Activity: Your copy of the entries below should hold exactly the lines from the one containing "What was past" to the one containing "About Sofina", inclusive, and no pictures.

(Material supplied begins)

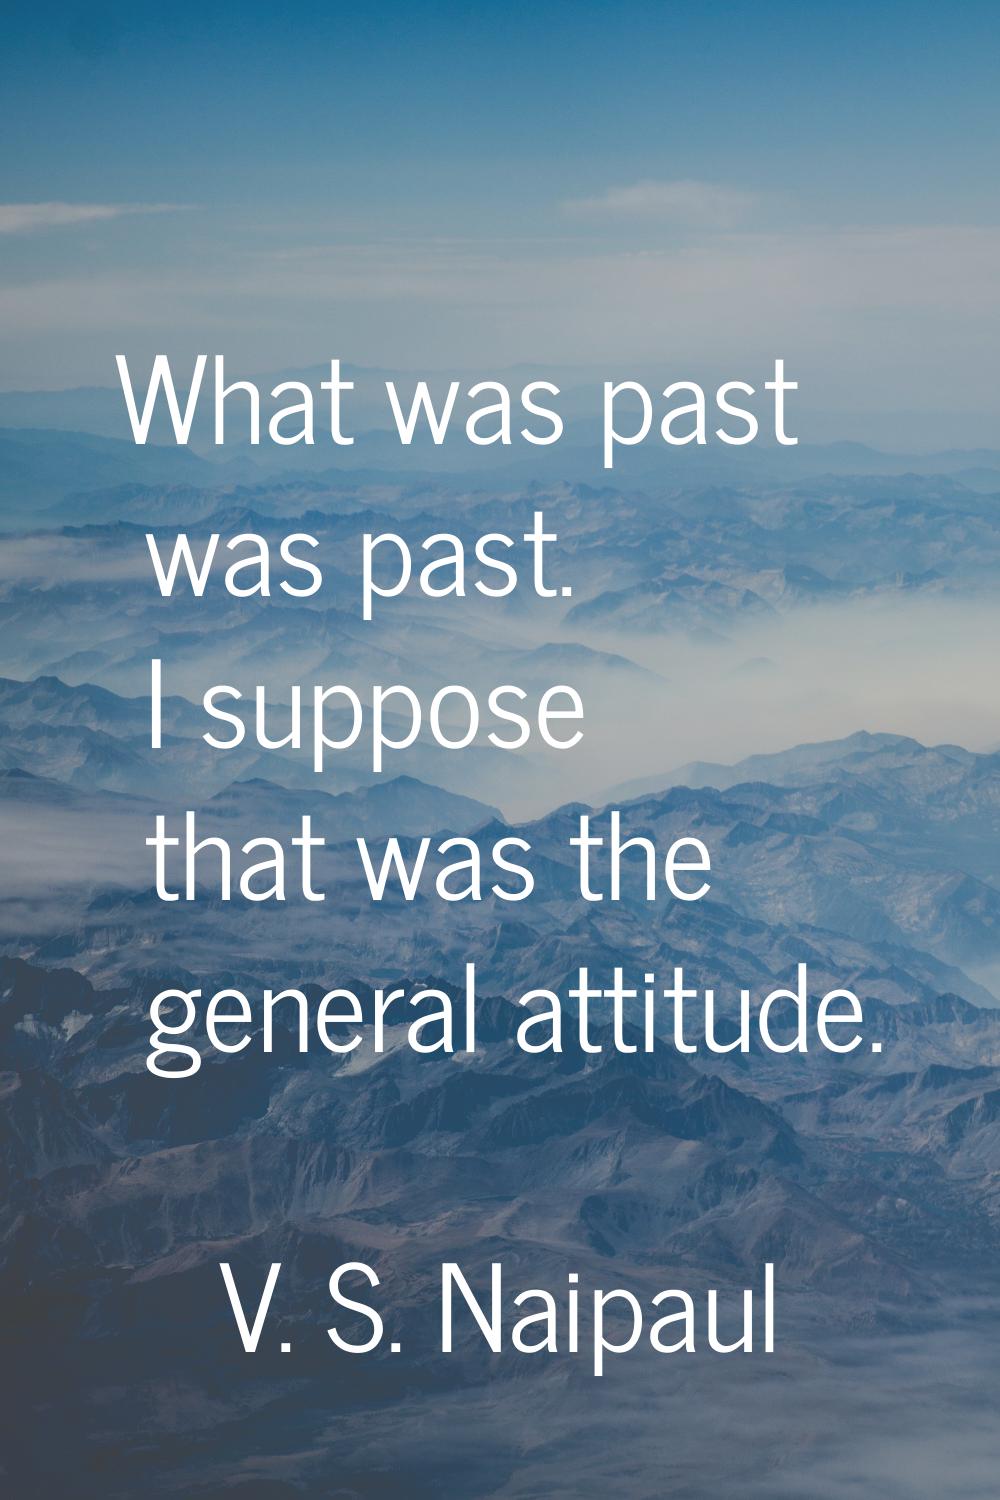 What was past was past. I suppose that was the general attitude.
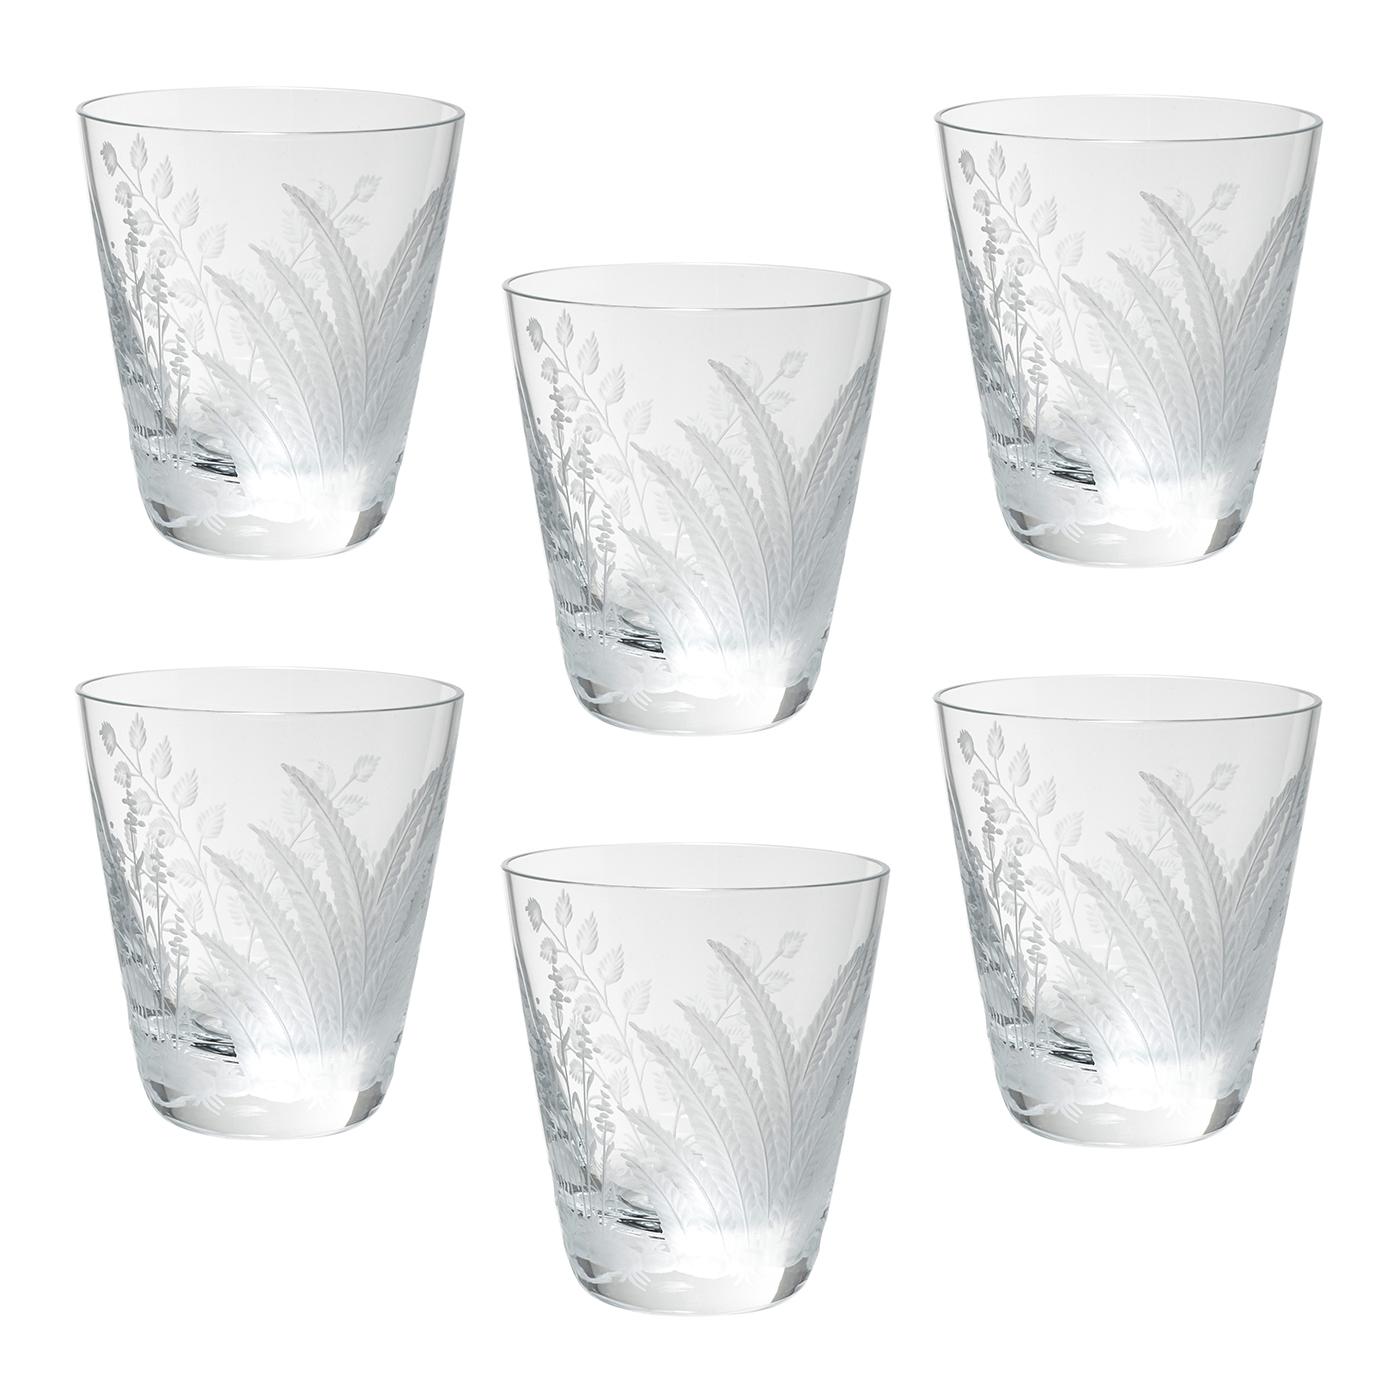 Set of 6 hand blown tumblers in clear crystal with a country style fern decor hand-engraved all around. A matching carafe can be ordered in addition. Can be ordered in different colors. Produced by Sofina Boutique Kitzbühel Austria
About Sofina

(Material supplied ends)
(Material supplied begins)

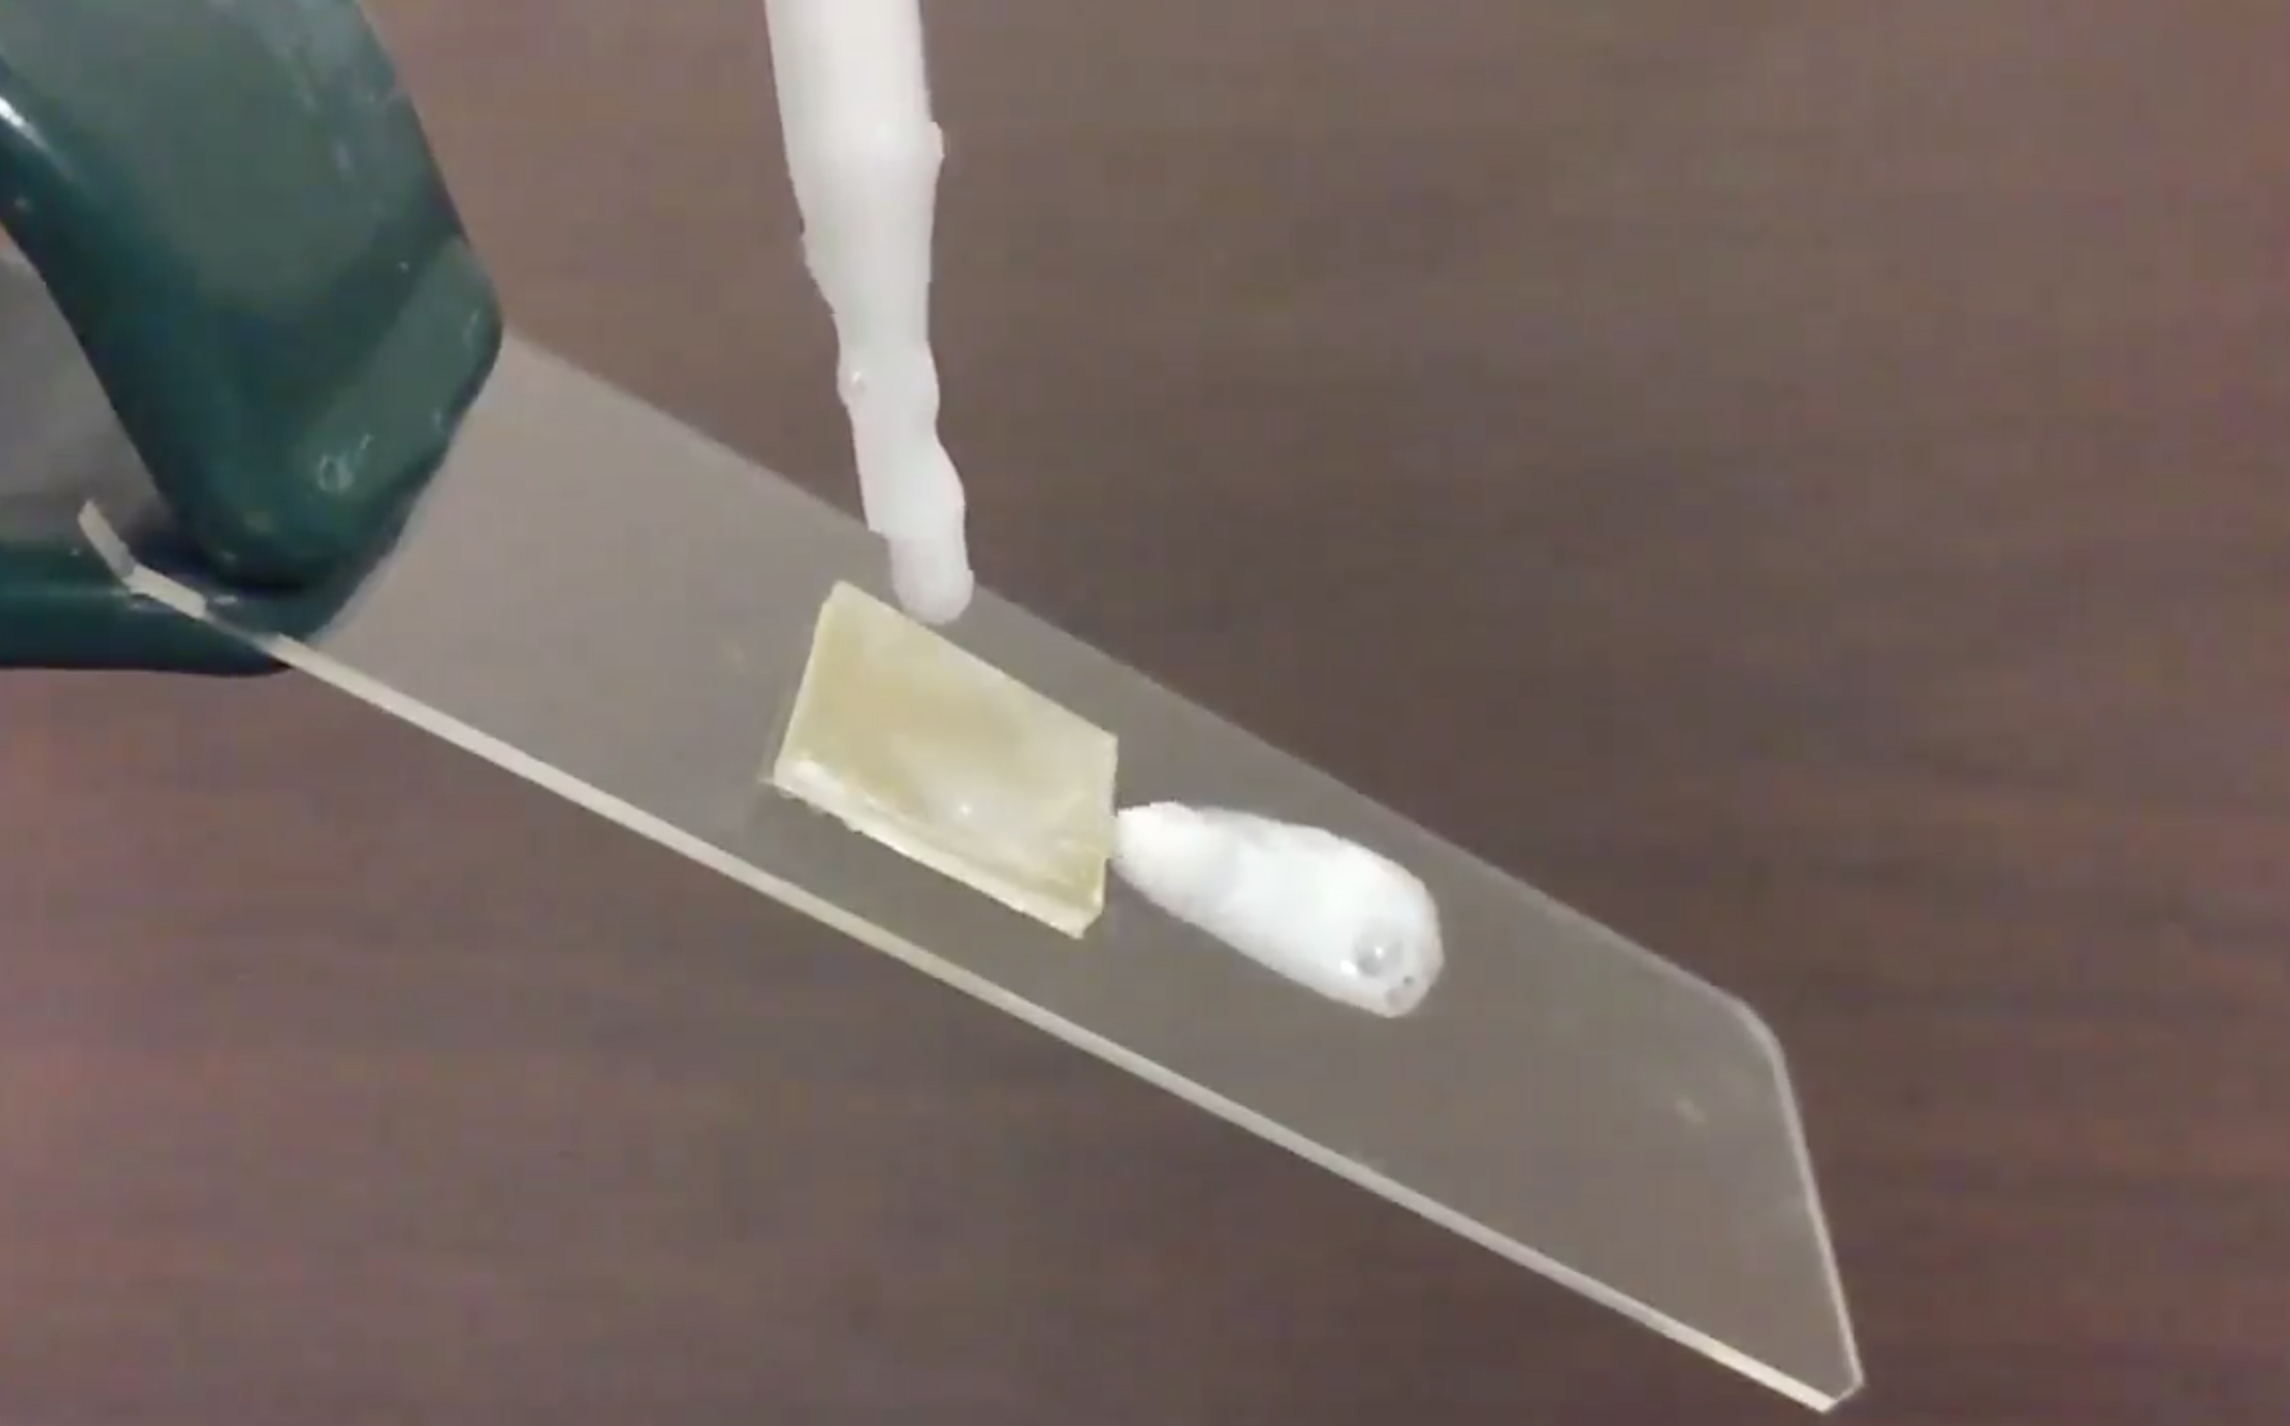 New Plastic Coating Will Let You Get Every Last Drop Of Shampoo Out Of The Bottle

(Material supplied ends)

Response to the exercise:
 What was past was past. I suppose that was the general attitude.
 Set of 6 hand blown tumblers in clear crystal with a country style fern decor hand-engraved all around. A matching carafe can be ordered in addition. Can be ordered in different colors. Produced by Sofina Boutique Kitzbühel Austria
About Sofina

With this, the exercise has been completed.